Polícia de choqe prepara-se para dispersar manifestantes durante comício contra governo do presidente nicaraguano Daniel Ortega em Managua, Nicaragua, 25 Fev 2020 (arquivo)

O Departamento de Estado tomou medidas para impôr restrições de vistos a 100 membros da Assembleia Nacional Nicaraguana e do sistema judicial nicaraguano, incluindo procuradores e juízes, bem como a alguns dos seus familiares. O Departamento revogou todos os vistos norte-americanos detidos por estes indivíduos.

A política de restrição de vistos do Departamento de Estado aplica-se a indivíduos que se acredita serem responsáveis ou cúmplices de atentados à democracia, incluindo o abuso dos direitos humanos. A política também abrange os familiares imediatos dessas pessoas. As recentes medidas tomadas para impor restrições de vistos aos nicaraguanos resultam dos ataques do regime Ortega-Murillo à democracia e aos direitos humanos.

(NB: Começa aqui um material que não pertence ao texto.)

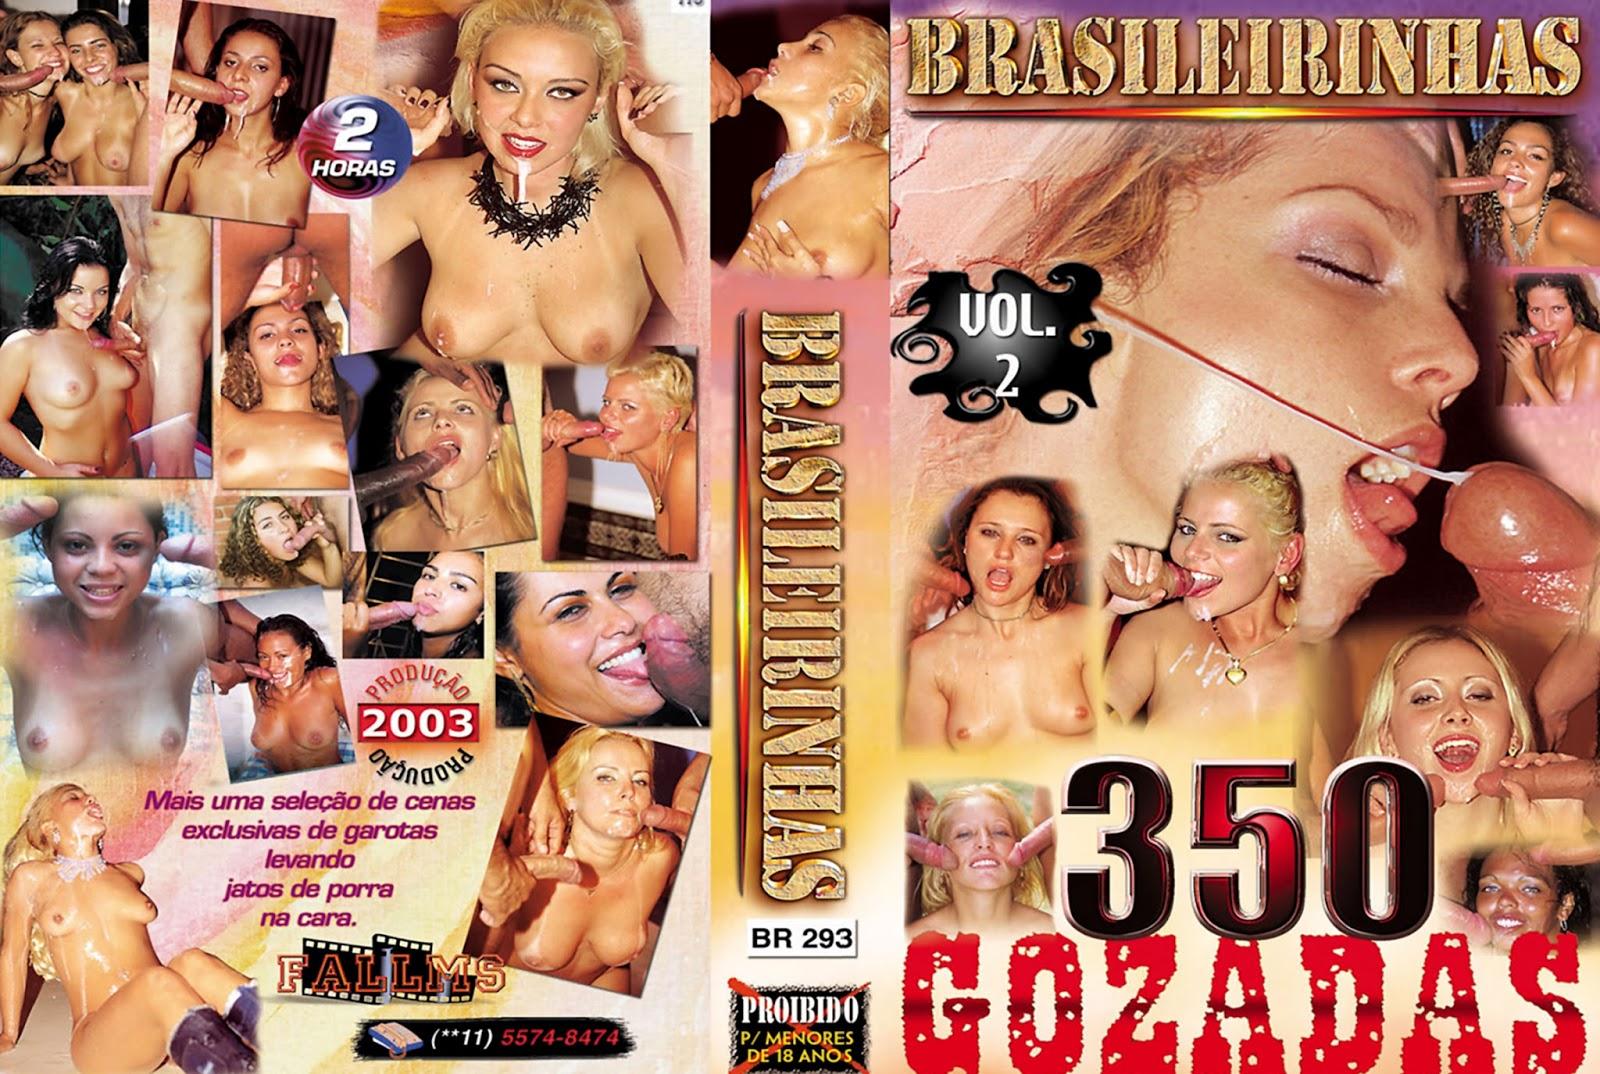 Brasileirinhas 350 Gozadas Vol 2

Estes ataques incluem a detenção de 26 opositores políticos e actores pró-democracia, incluindo seis candidatos presidenciais, activistas estudantis, líderes do sector privado, e outros actores políticos; e a aprovação de leis repressivas que serviram para restringir e criminalizar certos discursos vagamente definidos, dissensões, e participação política.

As restrições de vistos visam também aqueles que procuram assediar e silenciar a sociedade civil e os meios de comunicação independentes, e aqueles que minam as instituições e processos democráticos na Nicarágua.

À luz desta "campanha de terror", como lhe chamou o porta-voz do Departamento de Estado Ned Price, é pouco provável que as próximas eleições de Novembro sejam livres ou justas.

O Secretário de Estado Antony Blinken afirmou: "Estas revogações de vistos demonstram que os Estados Unidos irão promover a responsabilização não só dos líderes do regime, mas também dos funcionários que permitem os ataques do regime à democracia e aos direitos humanos. Os Estados Unidos continuarão a utilizar os instrumentos diplomáticos e económicos à nossa disposição para pressionar pela libertação dos presos políticos e para apoiar os apelos dos nicaraguanos a uma maior liberdade, responsabilização e eleições livres e justas".